Fabian Hugelshofer wrote:
Patrick McHardy wrote:
Fabian Hugelshofer wrote:
Again most of the time is spent in the kernel. Memory and skb
operations are accounted there. I suspect that they cause the most
overhead.
Do you plan to dig deeper into optimising the non-optimal parts? I
consider myself not to have enough understanding to do it myself.

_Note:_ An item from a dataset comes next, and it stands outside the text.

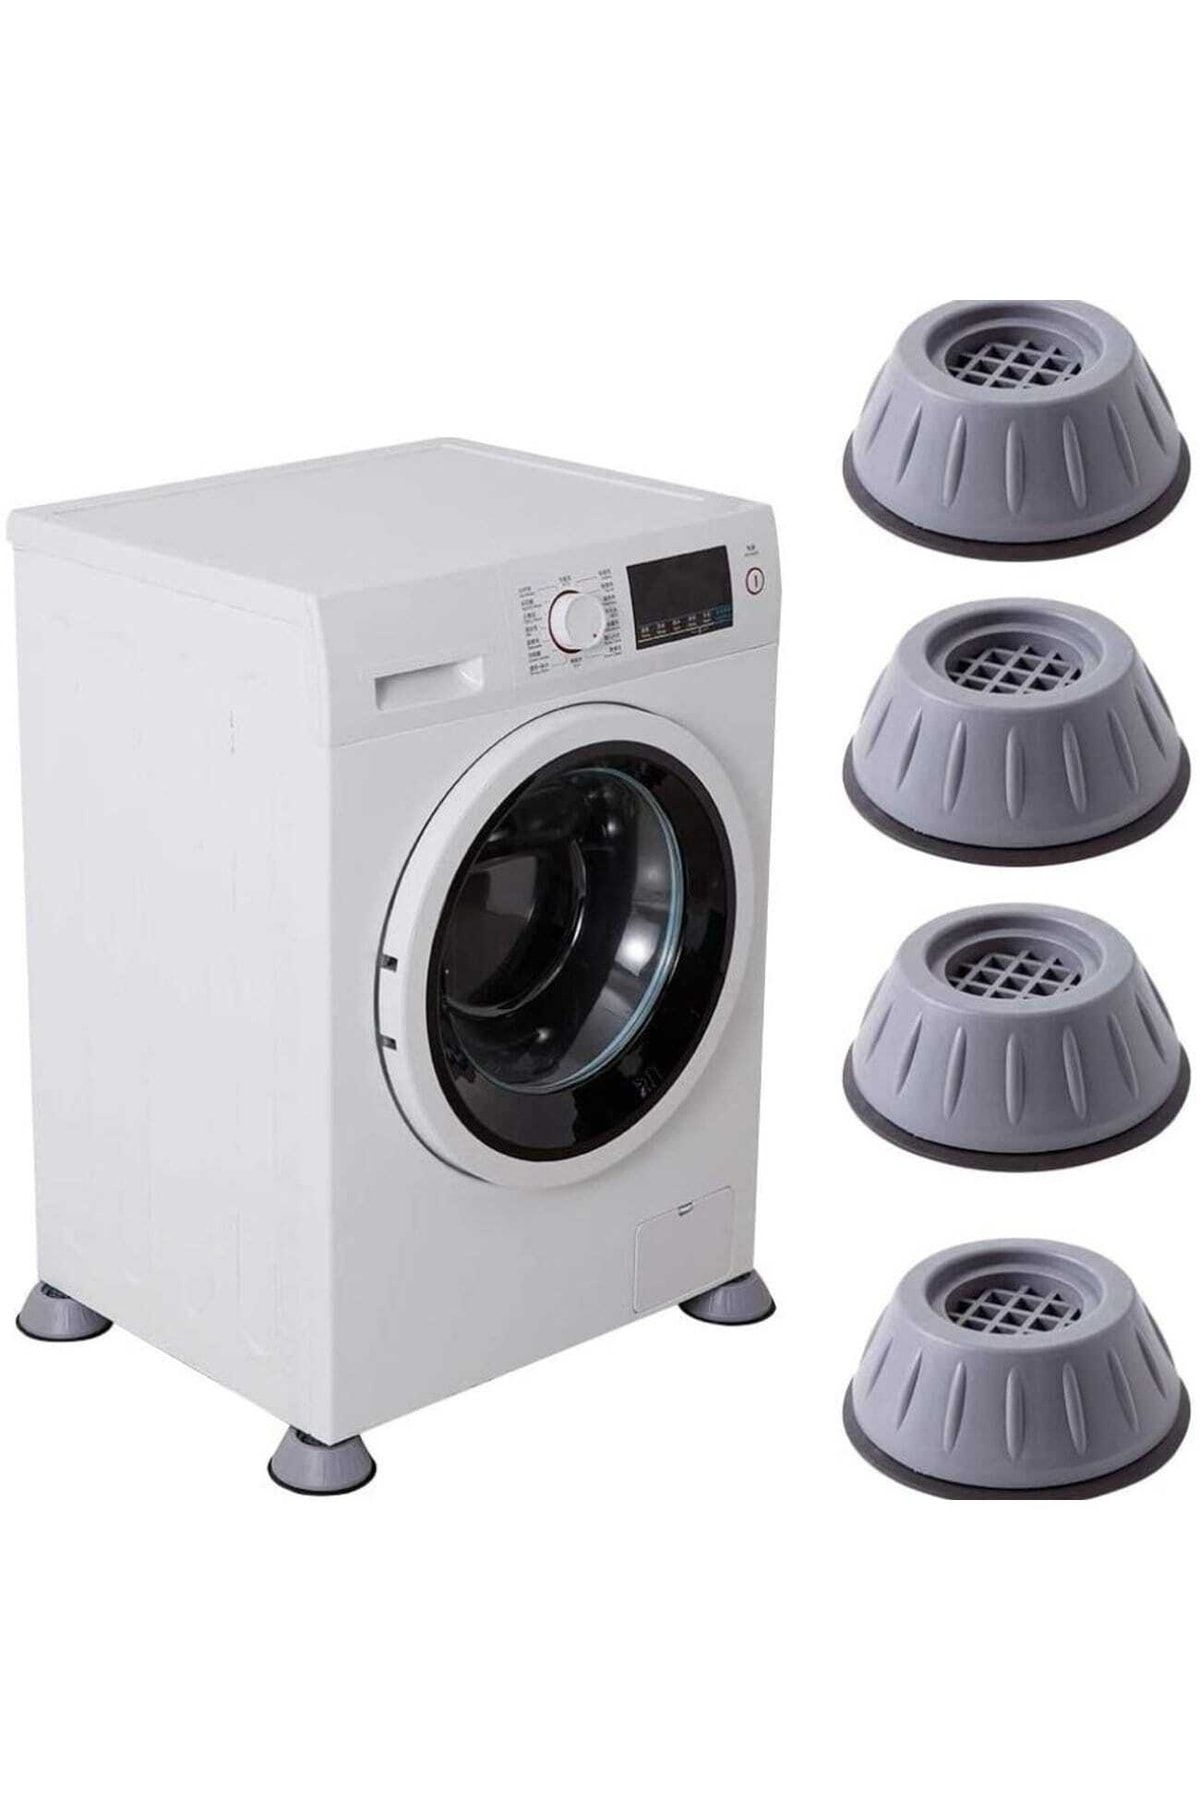 Arçelik Çamaşır Makinesi Buzdolabı Titreşim Ve Ses Önleyici Vantuzlu Ayak Takoz Kaliteli Ürün 12 Adet 3 Takm

The first thing to try would be to use sane allocation sizes
for the event messages. This patch doesn't implement it properly
(uses probing), but should be enough to test whether it helps.
Thanks a lot. This patch already decreased the CPU usage for ctevtest
from 85% to 44%. Sweet...
Nice. Now we just need to do it properly :)
I created a new callgraph profile which you find attached to this mail.
Let's have a look at two parts:
First:
2055 2.7205 ctnetlink_conntrack_event
2378 21.6201 nla_put
2181 19.8291 nfnetlink_send
2055 18.6835 ctnetlink_conntrack_event [self]
1250 11.3647 __alloc_skb
955 8.6826 ipv4_tuple_to_nlattr
752 6.8370 nf_ct_port_tuple_to_nlattr
321 2.9184 __memzero
220 2.0002 nfnetlink_has_listeners
177 1.6092 nf_ct_l4proto_find_get
155 1.4092 __nla_put
116 1.0546 nf_ct_l3proto_find_get
82 0.7455 module_put
70 0.6364 nf_ct_l4proto_put
66 0.6001 nf_ct_l3proto_put
60 0.5455 nlmsg_notify
43 0.3909 netlink_has_listeners
42 0.3819 __kmalloc
37 0.3364 kmem_cache_alloc
26 0.2364 __nf_ct_l4proto_find
13 0.1182 __irq_svc
nf_conntrack_event is now one of the first functions listed. Do you see
other ways of improving performance?
For some members doing in-place message construction instead of
copying the data might help, but I couldn only spot few only
used rarely.
The module reference stuff (module_put/nf_ct_*_find_get etc)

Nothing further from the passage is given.